Maria E. Brunner, Berge Meere Menschen

Buch-Cover

Der Titel klingt wie ein verstümmelter Auszählreim und ist eine raffinierte Mischung aus Enge und Weite.

Berge, Meere und Menschen tauchen irgendwie zufällig auf, und wer sich zwischen diesen Begriffsmassen bewegen muss, tut sich auf jeden Fall schwer mit der Orientierung.

Im Mittelpunkt des Romans steht das so genannte Kostkind, es beobachtet sich selbst und was mit ihm geschieht in einer schneidend lapidaren Sprache. Allein schon der Ausdruck Kostkind ist doppeldeutig, dieses namenlose Kind wird zur Verköstigung auf einen Bergbauernhof geschickt und kostet nur Geld.

Die ersten Eindrücke, welche die Beobachterin aufsaugt, sind eng, enger am engsten. Gebirge macht schroff und wortlos, rund um den Hof fährt die Eisenbahn in einer Wendekehre bergauf ohne anzuhalten, und die paar Wortschimmer über die Außenwelt kommen von der Pfarrbücherei mit ihrem immens engen Horizont. Das Kind empfindet sich als diffuse Rache zwischen Vieh und Friedhof.

?Die Föhrenscheite zersplittern mit lautem Krachen im Ofen. Dann stellte sich das Kostkind die Pfarrbücherei unterm Strohsack auf. Baute Fluchtburgen.? (12)

Allmählich kommen die politischen Veränderungen bis in die letzten Sackgassen des Gebirges durch, aus den aufgeschnappten Kurzsätzen über Option, Italianisierung Südtirols, Sprachkampf und Heimatgetue ergibt sich ein grob geschnitztes Geschichtsbild, das gut für eine heldenhaft reduzierte Handlungsweise taugt.

Zwar gehen die Bewohner immer noch gebückt ihrem Überlebenskampf nach und befolgen archaische Gehorsamsregeln, aber die neue Zeit schickt Landmaschinen, für die man sich verschulden darf und in neue Abhängigkeiten gerät. Und schließlich schermmt sich der Fremdenverkehr ins Gelände an der Bruchstelle zwischen dem Alten und dem Neuen.

Die alte Welt der Bauern und die neue Welt der Stadtmenschen trifft in kurzen Saisonen knallhart aufeinander. Das Kostkind träumt davon, Lehrerin zu werden, und hat vor allem eines im Sinn: Hinaus!

Endlich gibt es die andere Welt, das Meer, neue Menschen. Auch die Literatur hellt sich auf, jemand hat das Passagenwerk von Benjamin in Arbeit genommen, ein Lichtblick zwischen den unverdauten Gedankenbrocken der Kindheit. Einmal entwickelt das Kostkind sogar so etwas wie Vertrauen und Zuneigung zu einem hageren Dichter, der seinerseits ziemlich orientierungslos in der Universitätsstadt herumirrt und ?in die abgeäste Landschaft hinein inskribiert?. (99)

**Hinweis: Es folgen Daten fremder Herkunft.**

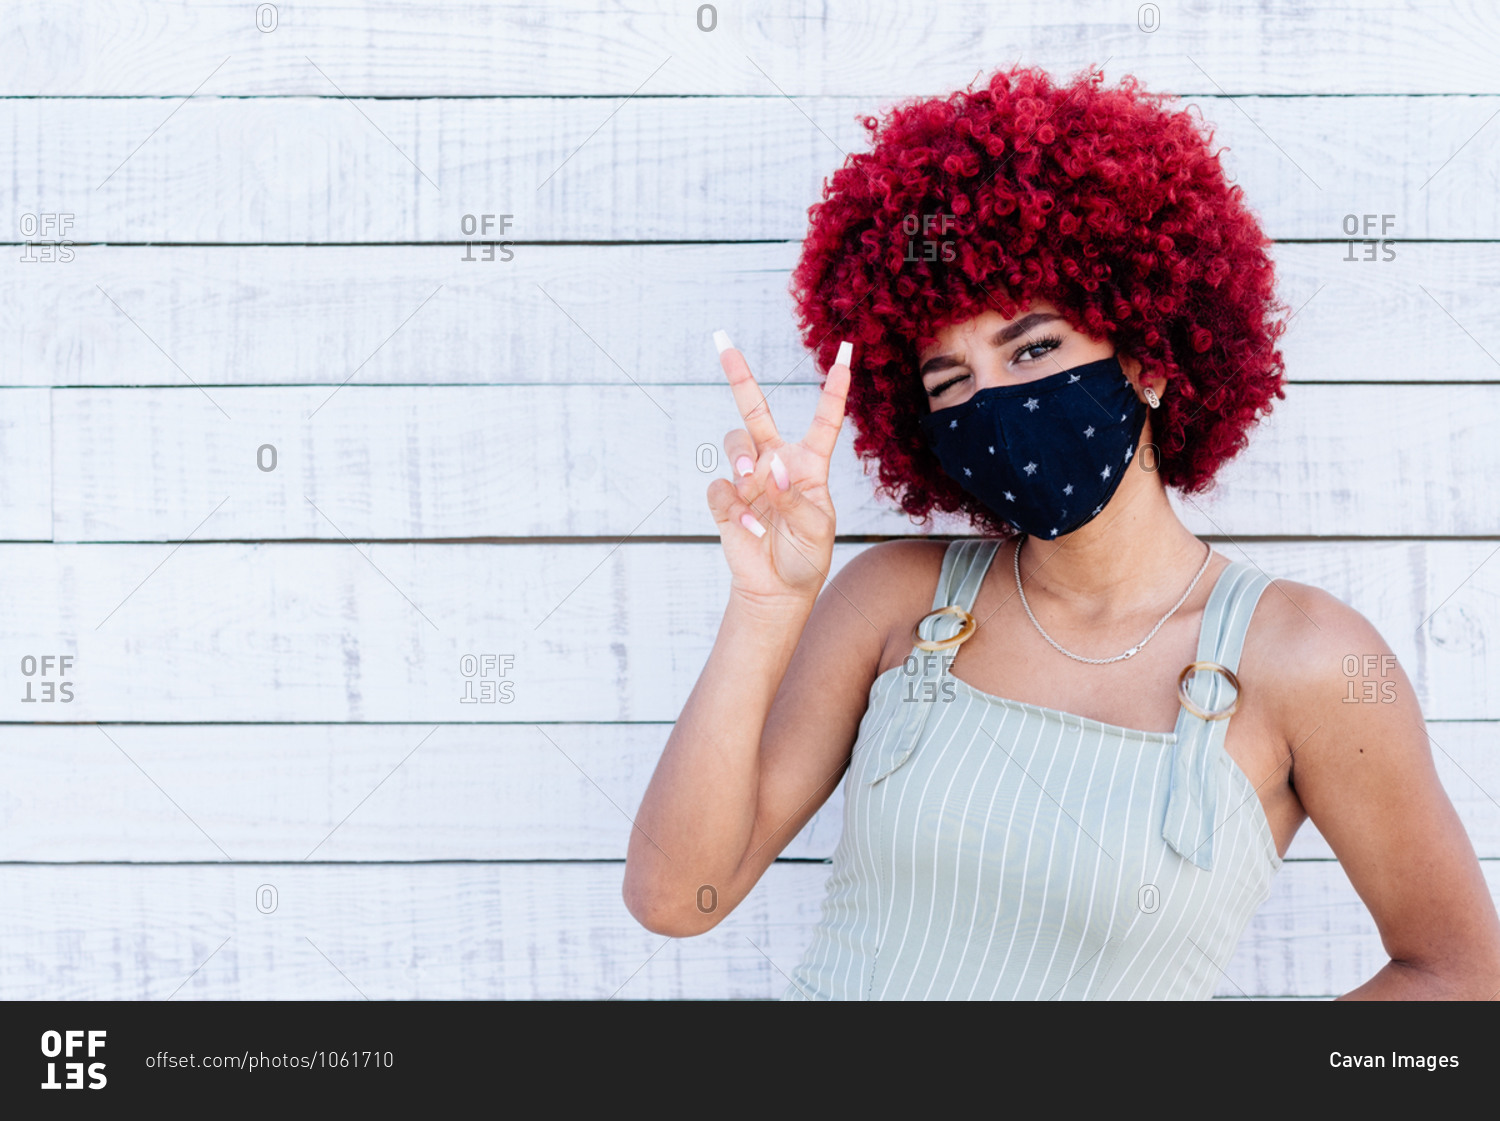 Latin women with mask and red hair showing a victory symbol.

Wie in einem unruhigen Rondo schließt sich der Erkenntnisbogen, als die Bäuerin elendiglich an ihrem Krebs stirbt. So entlegen kann sich niemand im Gebirge verkriechen, dass er nicht von seiner persönlichen Krankheit aufgesucht würde. Jetzt ist für das Kostkind die Kostkindheit abgeschlossen, alles ist gesagt.

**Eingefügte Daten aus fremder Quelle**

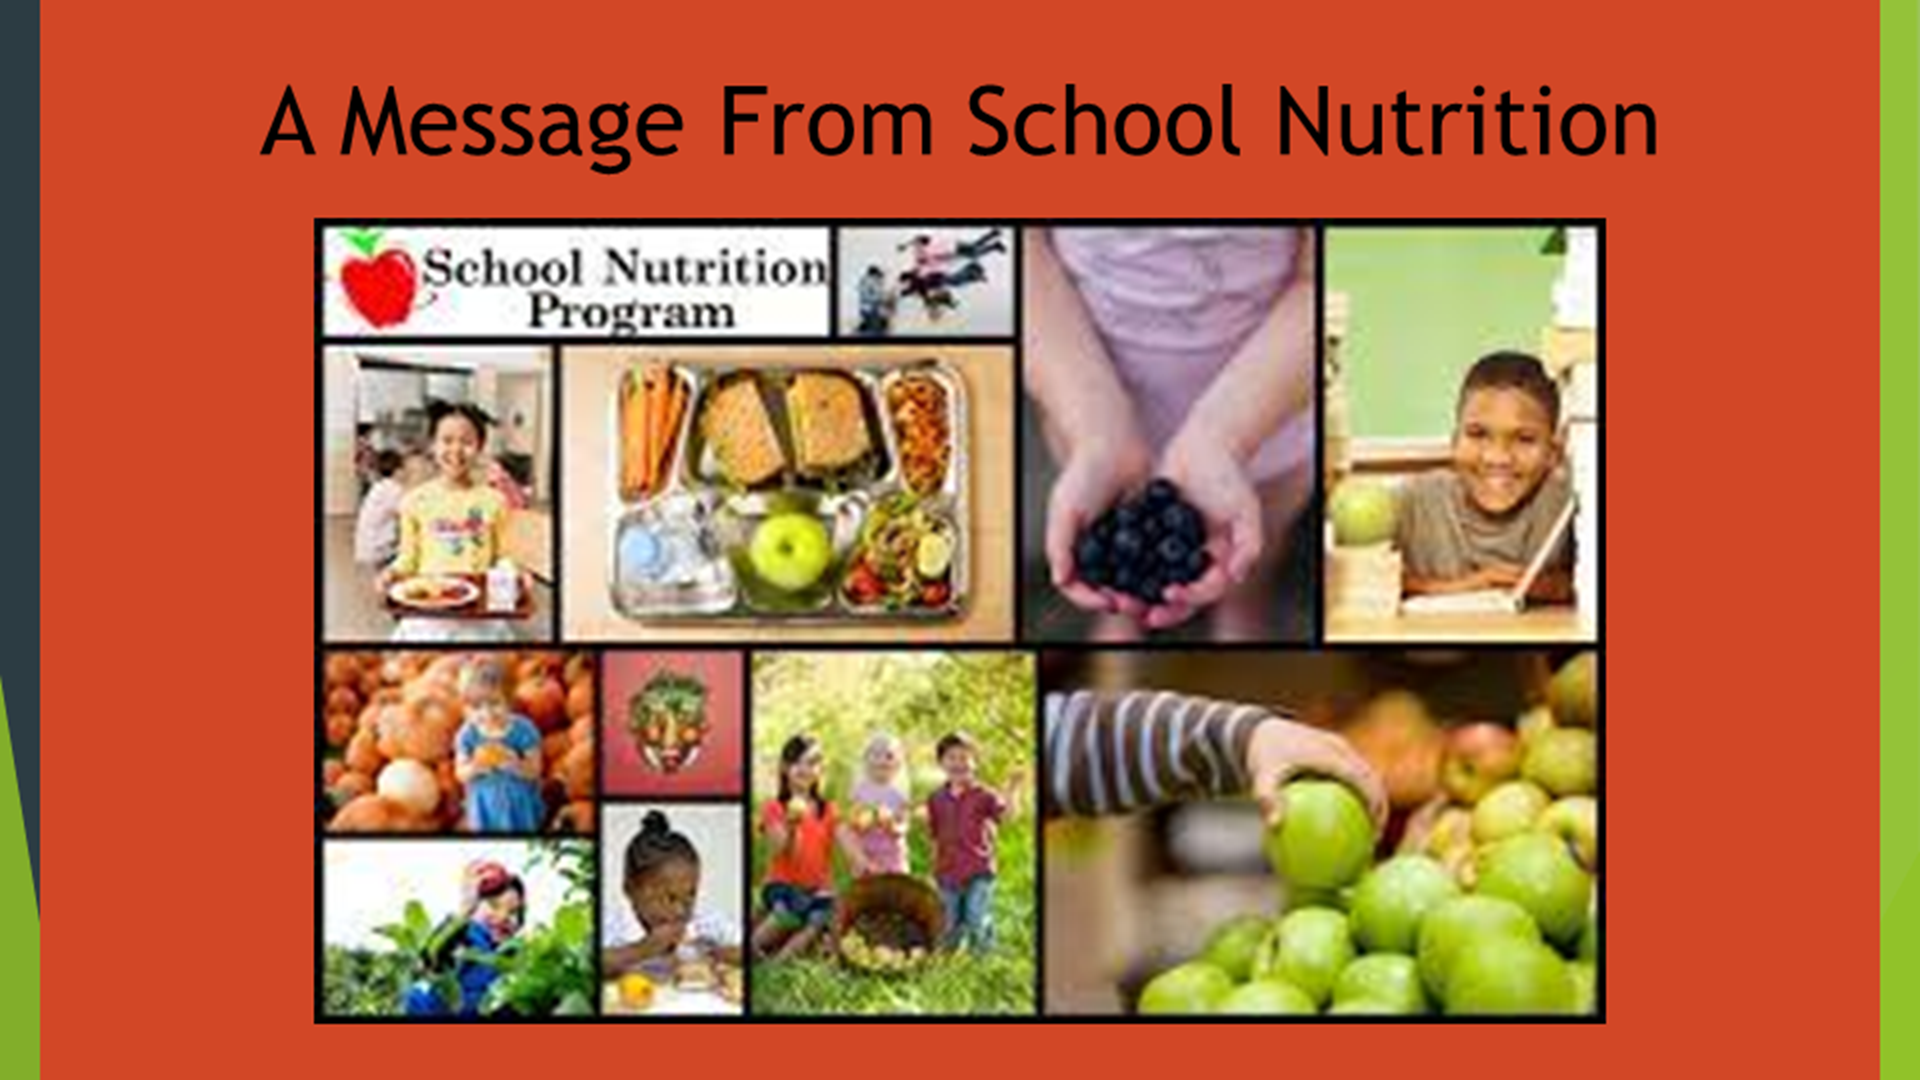 A Message From School Nutrition

Maria E. Brunners atemlos straffer Roman erzählt, als ob die Protagonistin an einer Herzlungenmaschine angeschlossen wäre, alles geschieht mit Druck und Gegendruck, die Sätze werden gepresst ausgestossen und sind doch immer zu kurz gegen den Blasebalg der Welt. Diese Figur des Kostkindes hat etwas von einer Pippi Bergstrumpf, sie ist eine sympathische Heldin, der man die Daumen hält bis zum Schluss, dass sie wegkommt von den Bergen und der Auszählreim gut endet.

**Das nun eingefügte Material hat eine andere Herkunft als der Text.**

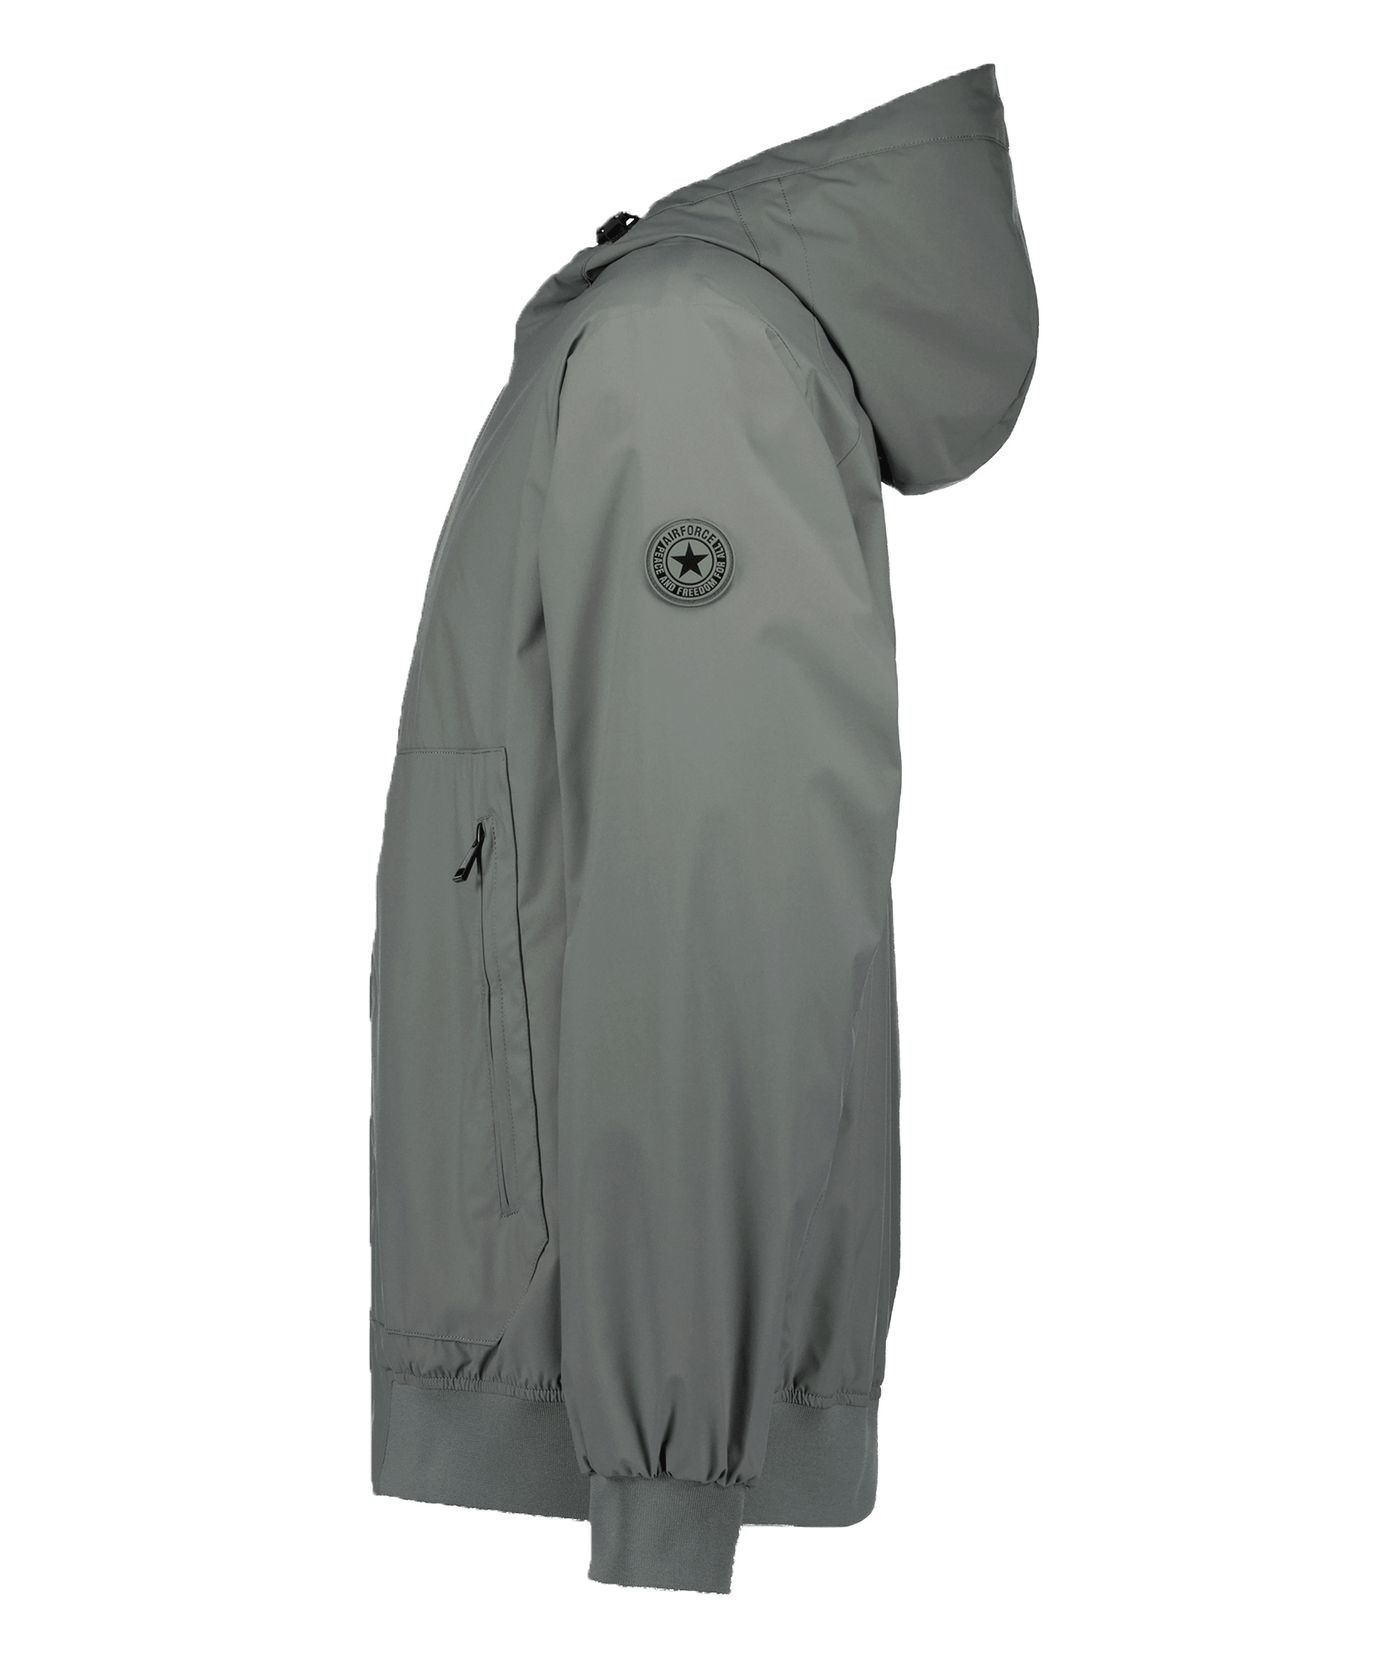 Airforce - Hrm0575 - Softshell Jacket - 930 Castor Gray

Maria E. Brunner, Berge Meere Menschen. Roman.
Bozen, Wien: folio 2004. 168 Seiten, EUR 19,50. ISBN 3-85256-271-6.

 

Helmuth Schönauer, 25-10-2004

Bibliographie

AutorIn

Maria E. Brunner

Buchtitel

Berge Meere Menschen

Erscheinungsort

Bozen

Erscheinungsjahr

2004

Verlag

folio

Seitenzahl

168

Preis in EUR

EUR 19,50

ISBN

3-85256-271-6

Kurzbiographie AutorIn

Maria E. Brunner, geb. 1957 in Pflersch, ist Literaturprofessorin in Schwäbisch-Gmünd.